Anaemia is a common disorder in pregnancy, which affect 20 to 60% of the pregnant women. About 20 to 30% of blood increases in the body, which increases the supply of iron and vitamins which are required in the production of haemoglobin. Most of the mothers lack adequate amount of iron during the second and third trimester of pregnancy. A mild anaemia is normal during pregnancy due to increase in the blood volume, but however a severe anaemia can put the baby at high risk of iron deficiency later in infancy. There are different types of anaemia that can develop during pregnancy such as fotal-deficiency anaemia vitamin B12, deficiency anaemia and iron deficiency anaemia. According to Cashion & Alden, Perry (2009)

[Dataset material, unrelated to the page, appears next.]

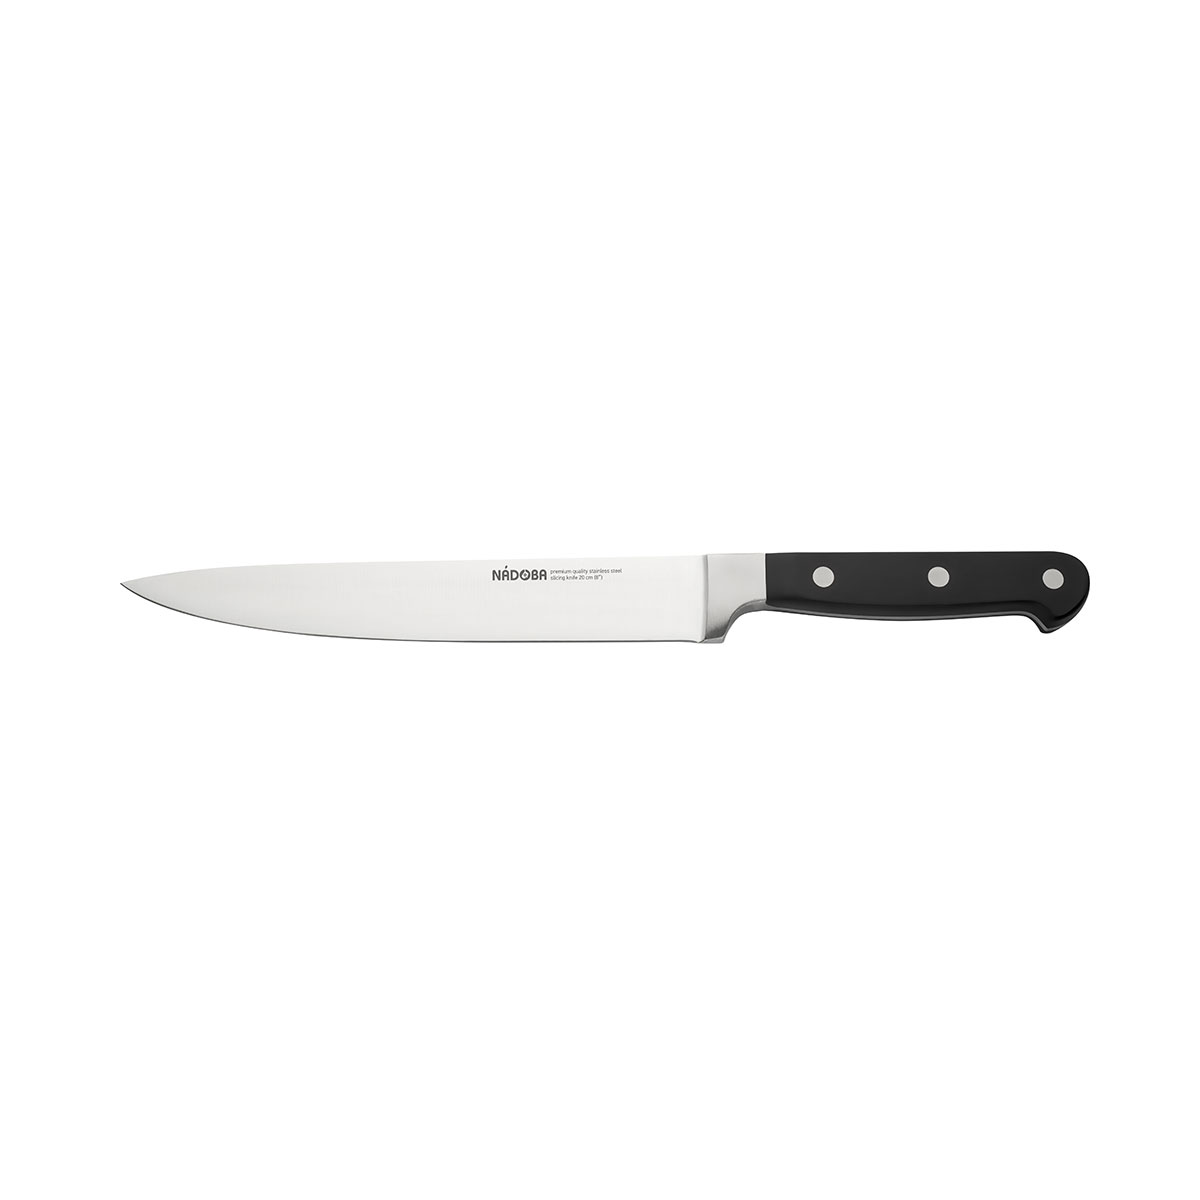 Нож Nadoba разделочный 724212, 20 см нож кухонный сталь n 690 кориан ваниль скрим шоу

In pregnancy, ladies need extra folate to make the red blood cells to transport oxygen to tissues throughout the body. Folate deficiency can directly contribute to certain types of birth defects. Folate-deficiency anaemia, folate which is also called folic acid, is a type of vitamin which is needed for the body to produce new cells, including healthy red blood cells. Iron-deficiency anaemia is when the body does not have enough iron to produce adequate amounts of haemoglobin, and is the most common cause of anaemia in pregnancy. To form healthy red blood cells the body needs vitamin B12 from her diet, the body would not be able to produce enough healthy red blood cells. Ladies who do not eat meat, poultry, dairy products, and eggs have a risk of vitamin B12 deficiency, which can lead to birth defects.
Severe or anaemia which is untreated can lead to preterm or low-birth-weight baby, postpartum depression, baby with a serious birth defect of spine or brain, prenatal mortality or maternal death. . Some of the symptoms of anaemia during pregnancy are pale skin, lips and nail, feeling tired or weak, dizziness, shortness of breath, and rapid heartbeat. Antenatal care refers to care given to a pregnant woman from the time of conception is confirmed until the beginning of labor. Risk factors for anaemia in pregnancy can be woman pregnant with more than one child, two pregnancies close together, vomiting a lot because of morning sickness, teenager who is pregnant, not eating enough foods that are rich in iron and heavy periods before became pregnant
In nursing process Assessment is the first stage in which nurse carries out a complete and holistic nursing assessment. Normal ward routine of nursing care procedures in antenatal unit at booking and important nursing focus areas is followed. Antenatal booking appointment, which provides the midwife with the valuable background information. The subjective and objective data is collected. The purpose of the visit is to bring together the woman to the maternity service. The information is shared between the mother and the midwife in- order to discuss, plan and implement care for duration of the pregnancy, the birth and postnatal period.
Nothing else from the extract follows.